Heparanase
Heparanase | ||
---|---|---|
Properties of human protein | ||
Mass / length primary structure | 460 aa; 58 kDa | |
Secondary to quaternary structure | Heterodimer | |
Precursor | (540 aa; 65 kDa) | |
Identifier | ||
Gene names | HPSE ; HPR1; HPA; HPSE1; HSE1 | |
External IDs | ||
Enzyme classification | ||
EC, category | 3.2.-.- , glycosidase | |
Substrate | Heparan sulfate proteoglycans | |
Products | Heparan sulfate + proteoglycans | |
Occurrence | ||
Parent taxon | Eukaryotes | |
Orthologue | ||
human | mouse | |
Entrez | 10855 | 15442 |
Ensemble | ENSG00000173083 | ENSMUSG00000035273 |
UniProt | Q9Y251 | Q6YGZ1 |
Refseq (mRNA) | NM_006665 | XM_982223 |
Refseq (protein) | NP_006656 | XP_987317 |
Gene locus | Chr 4: 84.43 - 84.48 Mb | Chr 5: 100.92 - 100.96 Mb |
PubMed search | 10855 |
15442
|
Heparanase (synonyms: heparan sulfate endoglycosidase; endo-β-D-glucuronidase) is an enzyme produced by the body , an endoglycosidase , which specifically cleaves heparan sulfate chains from cell surface and basement membrane heparan sulfate proteoglycans . and in numerous important biological processes such as B. tumor invasion and metastasis is involved.
synthesis
Heparanase is initially formed as an inactive proenzyme of approx. 65 kDa. A 6 kDa fragment is proteolytically cut out of this proenzyme and the two 8 kDa and 50 kDa fragments formed form the active heterodimer . Heparanase splits heparan sulfate and heparin only at a few defined interfaces in the polysaccharide chain.
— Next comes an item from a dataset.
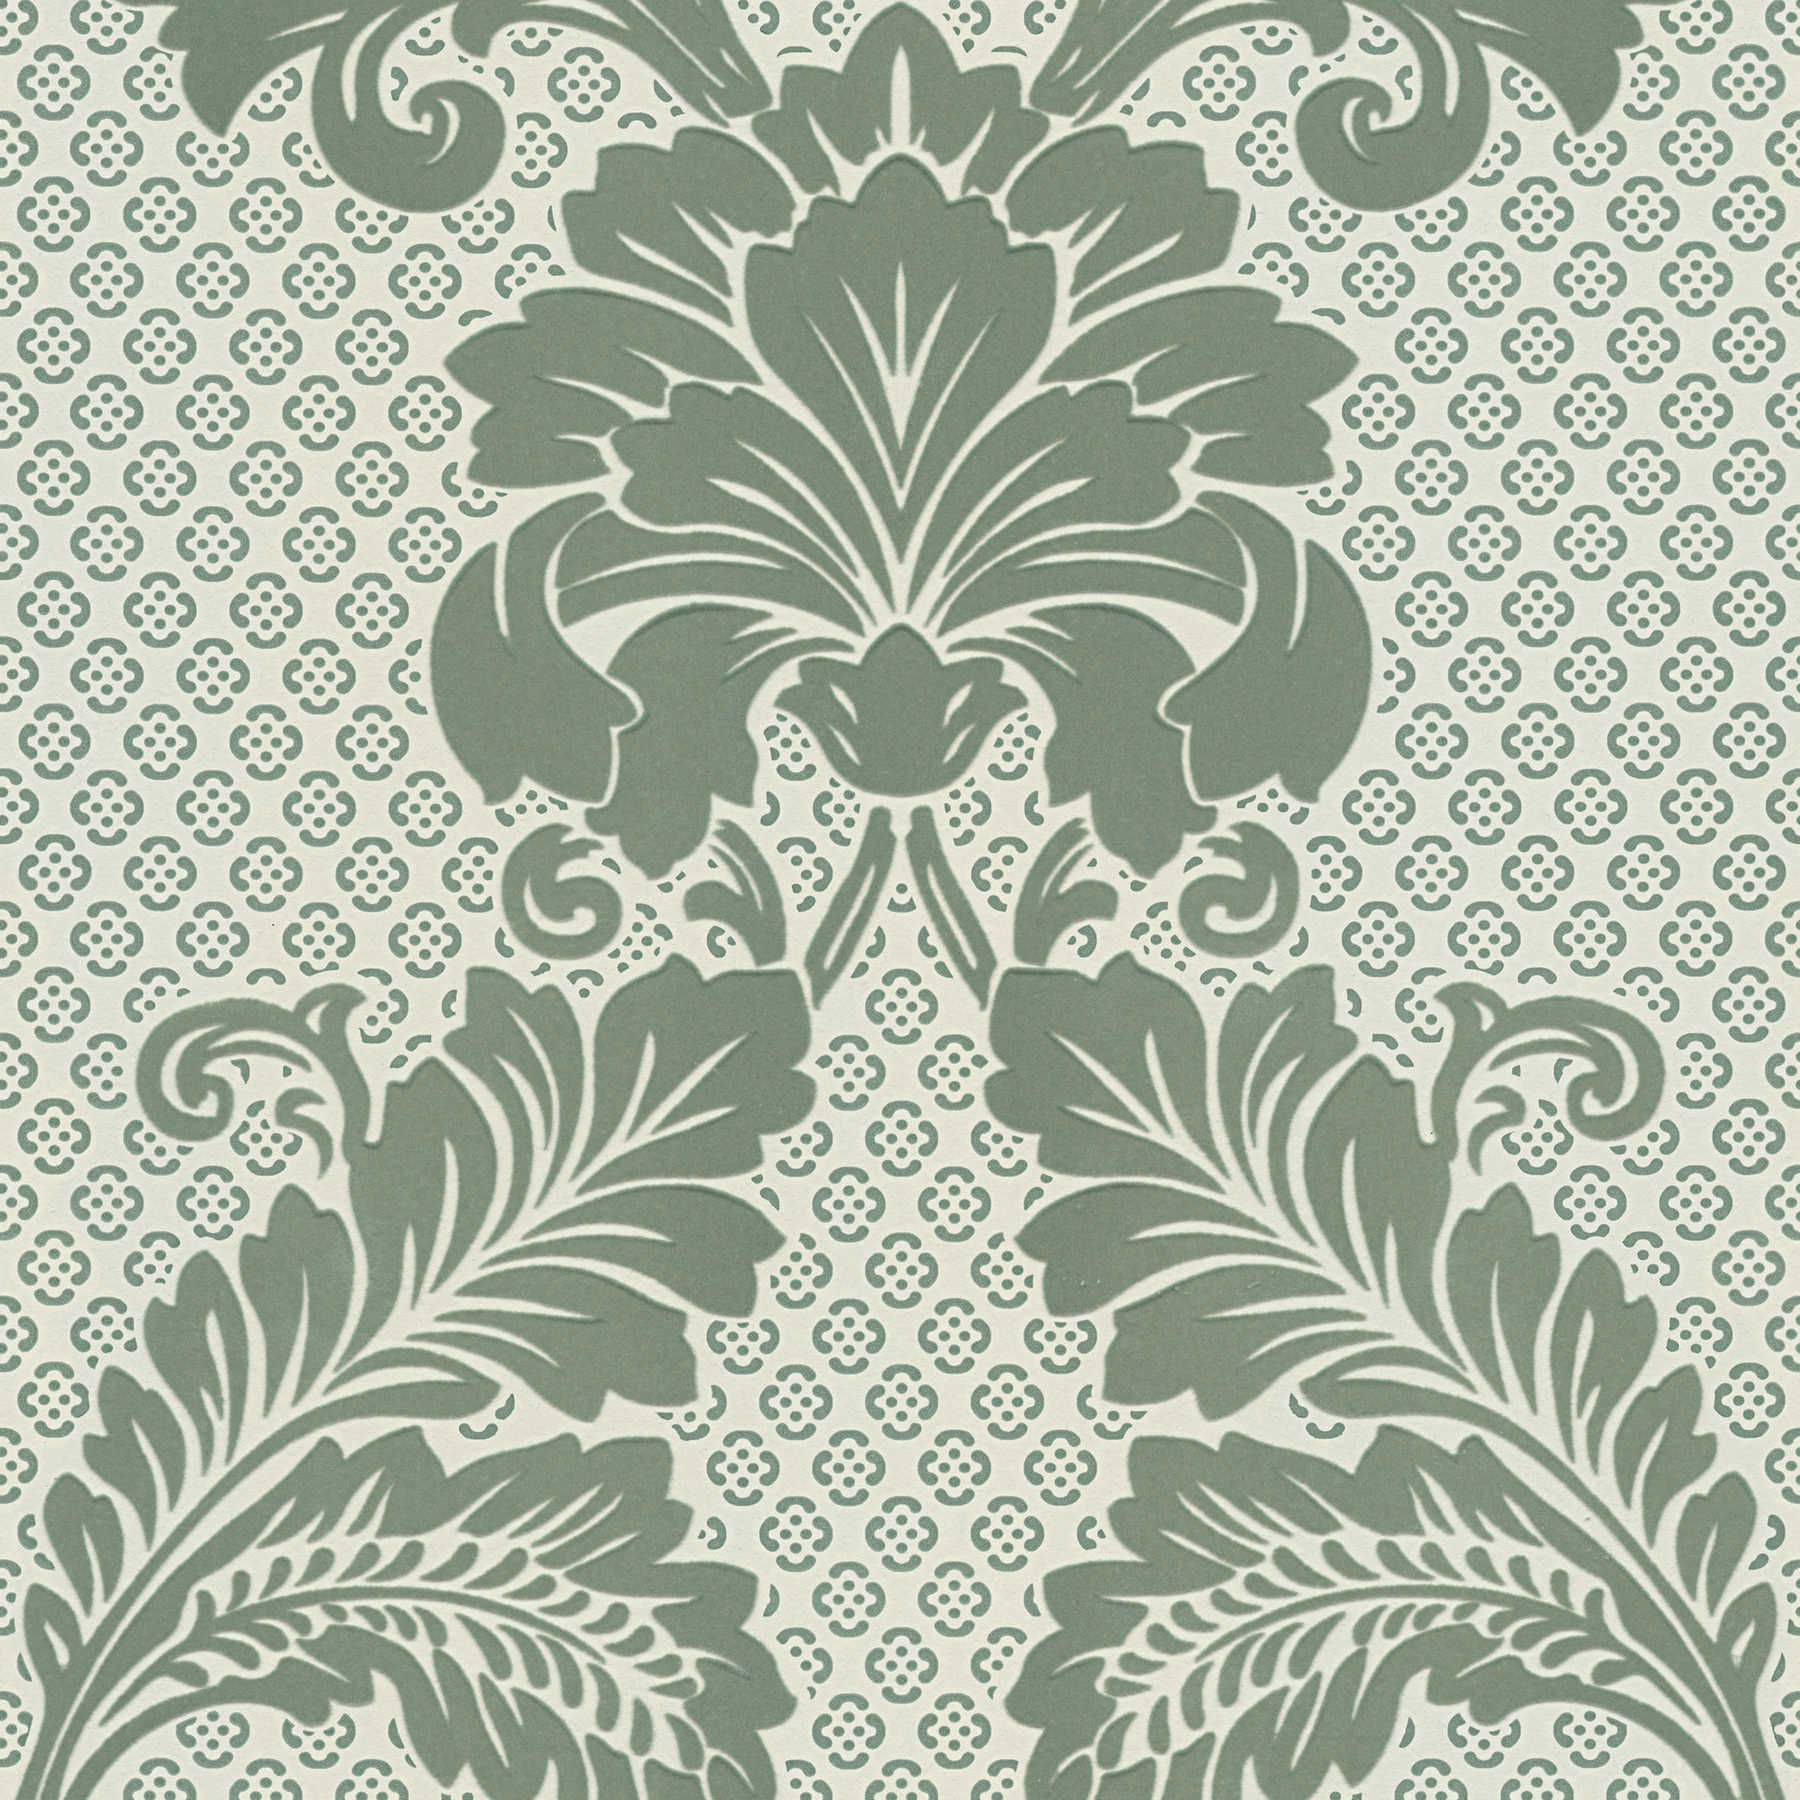         Patterned ornamental wallpaper with large floral motif - green, blue
    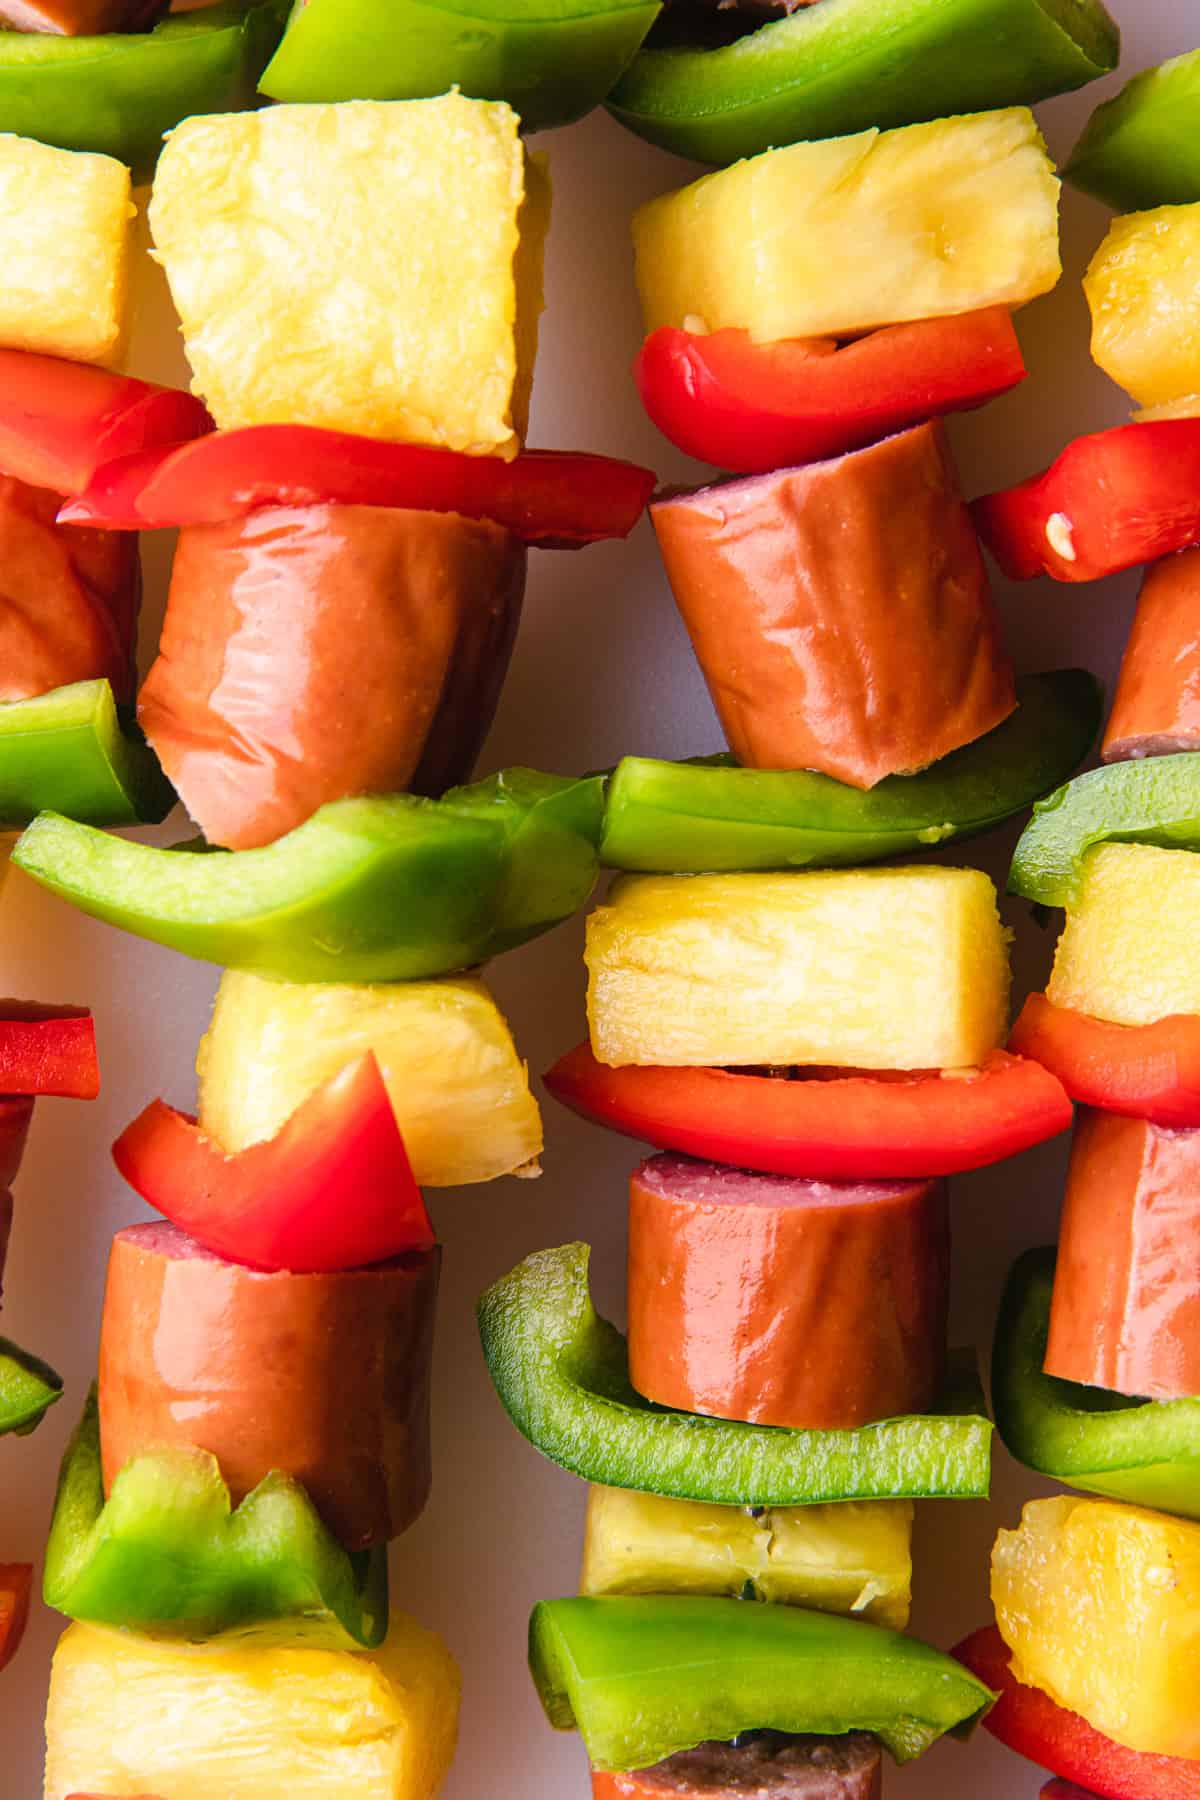 Smoked Sausage Kebobs with Summer Vegetables - Pillers

Biological importance and inhibition
Heparan sulfate -Proteoglykane (HS-PG) are a group of complex macromolecules that on the cell surface of most cells but also and above all in all basement membranes and in the extracellular matrix are expressed and, among other important tasks in the control of cell proliferation and differentiation have (e.g. as coreceptors of cytokines and growth factors ). In addition, HS-PG are important components of the basement membrane and control not only the exchange of substances (e.g. in the glomerular basement membrane), but also cell migration .
In the context of inflammatory and immune reactions, inflammatory and immune cells, i. H. Above all, neutrophils , monocytes and lymphocytes migrate from the blood vessels into the area of inflammation and therefore overcome the basement membranes. For the basement membrane passage it is necessary to degrade the basement membrane locally, especially the heparan sulfate chains of the HS-PG. Accordingly, the enzyme heparanase is expressed by a number of cell types, especially leukocytes, platelets, but also many tumor cells.
By inhibiting the heparanase, not only inflammatory reactions but also the invasion and metastasis of tumors can be inhibited. The high expression of heparanase by tumor cells is a prognostic marker e.g. B. in pancreatic carcinoma . The development of suitable heparanase inhibitors forms a new, interesting approach in tumor therapy , especially because there is only one gene for heparanase in humans .
The enzyme heparanase can also release cytokines and growth factors (e.g. bFGF) bound to heparan sulfate on cell surfaces, in the basement membrane, but especially in the extracellular matrix, and thus control processes such as angiogenesis but also wound healing and repair processes.
proof
An enzyme immunoassay has recently become available for measuring heparanase activity .
Web links
- Nomenclature Committee of the International Union of Biochemistry and Molecular Biology (NC-IUBMB): Enzyme Nomenclature. Recommendations.
- ExPASy: Enzyme nomenclature database
Individual evidence
- ^ SB Peterson, J. Liu: Multi-faceted substrate specificity of heparanase. In: Matrix Biology. Volume 32, Number 5, June 2013, pp. 223-227, ISSN 1569-1802 . doi : 10.1016 / j.matbio.2013.02.006 . PMID 23499529 .
- ↑ I. Vlodavsky, RV Iozzo, RD Sanderson: heparanase: multiple functions in inflammation, diabetes and atherosclerosis. In: Matrix biology: journal of the International Society for Matrix Biology. Volume 32, Number 5, June 2013, pp. 220-222, ISSN 1569-1802 . doi : 10.1016 / j.matbio.2013.03.001 . PMID 23499526 .
- ↑ a b A. Meirovitz, R. Goldberg, A. Binder, AM Rubinstein, E. Hermano, M. Elkin: Heparanase in inflammation and inflammation-associated cancer. In: The FEBS journal. Volume 280, Number 10, May 2013, pp. 2307-2319, ISSN 1742-4658 . doi : 10.1111 / febs.12184 . PMID 23398975 . PMC 3651782 (free full text).